Me gustan las cosas vulgares. Cualquier adoquín de la calle que deja espacio a un brote verde. Los corazones grabados a punta de llave aserrada en los bancos de madera de las plazas resistiendo con dignidad el paso del tiempo. El morro del perro que vive en los bajos, olisqueando la calle con fruición.
En una ciudad pasan tantas cosas que pueden ser preciosas o asquerosamente impersonales. A menudo me quejo de lo poco amable que es Barcelona, pero dejaré este mantra para otro día. Hoy te hablo sobre otro tema.

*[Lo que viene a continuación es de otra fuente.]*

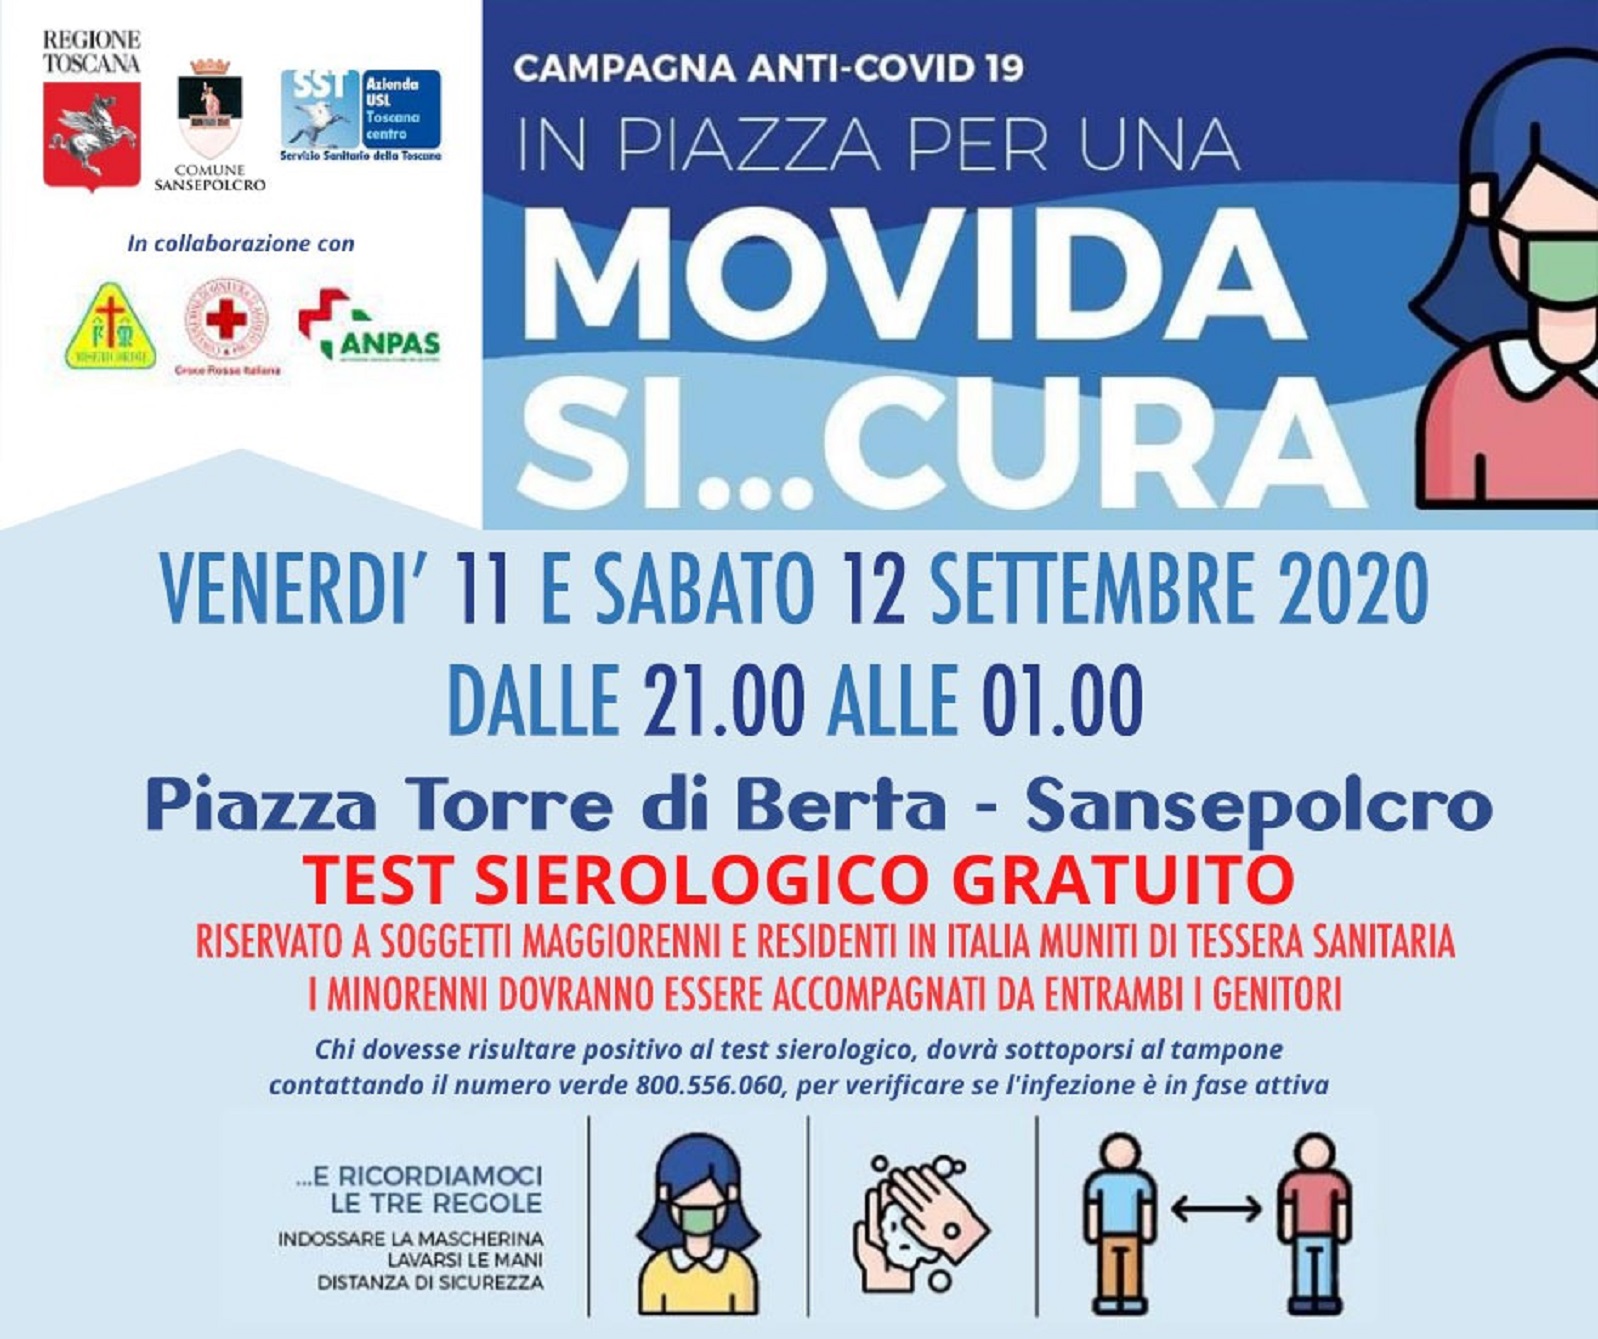 Test sierologici gratuiti in piazza Torre di Berta a Sansepolcro

Con las aves me pasa lo mismo. La cotorra, por ejemplo, es un ave mediocre que me fascina. En Barcelona hay miles y miles de estos pájaros verdes gorjeando en las calles, parques y avenidas. Construyen enormes nidos comunitarios y allí comparten vivienda, embutidas entre ramas y hojas secas que les sirven de habitáculo.
Las cotorras, además, son importantes en mi vida. En todos los sentidos. Yo fui hija de padres separados. De niña, pasaba los veranos en el pueblo natal de mi padre, donde las mujeres cotorras del pueblo criticaban a mi madre delante de mí, lanzando acusaciones envenenadas contra ella, sin conocerla. Gracias a esta actuación -la peor que se puede cometer delante de un niño- se abrió una herida dentro de mí que me convirtió en un ser raro, demasiado sensible y a menudo ajeno a lo superficial. Esta herida jamás se cerrará por completo. Para mí, aquellas mujeres cotorras eran -son- la maldad personificada.
Creo que soy escritora por ese motivo.
Veinte años después de aquellos episodios, otra cotorra se metió en mi vida. Recuerdo la escena como si estuviese pasando ahora mismo. Fue el año en que me separé. Mi hija de dos años y yo pasábamos la mañana en el parque. Ella reclamaba mi atención para que jugásemos juntas a comprar y vender en la casita de madera, pero mi cabeza cargaba con el peso de preocupaciones, culpabilidad, dudas y angustia, por lo que mi cuerpo no se movía. Era algo que me pasaba a menudo: me quedaba absorta, mirando hacia el horizonte, ajena a todo. En aquel momento en que mi hija me estaba llamando pero mi cuerpo no acusaba ningún movimiento porque era cautivo de mi mente, una cotorra perchada en la rama de un árbol, situada en plano cenital respecto a mi cabeza, dejó caer una bola de semillas -llamada poliaquenio- contra mi coronilla. El impacto me arrancó de mi ensimismamiento. Un par de segundos después, oí su chirrido. Lo interpreté como una señal.
Levanté el culo del banco y fui a jugar con mi hija.
Años después, comencé a escribir un cuento protagonizado por una niña y una cotorra. Lo compartí con amigos, familia y colegas de profesión. Estaba entusiasmada. Mi amigo e ilustrador Sergio Pintado se encargó del dibujo de la portada de Amalia y la cotorra y, cuando nos vemos por el barrio, me dice que, cada vez que ve a una cotorra, se acuerda de mí. El pobre debe de acordarse de mí cada dos por tres, pues Barcelona, como ya os he contado, está llena de esos loros verdes y ruidosos.
Actualmente, el cuento ha tomado una nueva dimensión; creo que me voy acercando a lo que será y os prometo que será un gran cuento. Sobre todo hay aves. Tiene que haber aves, porque escribir -aparte de ser mi trabajo- es del único modo en que me siento libre.
Así que maldigo y agradezco a las cotorras por haber impactado en mi vida. Con mejor o peor acierto, todas han colisionado en mí.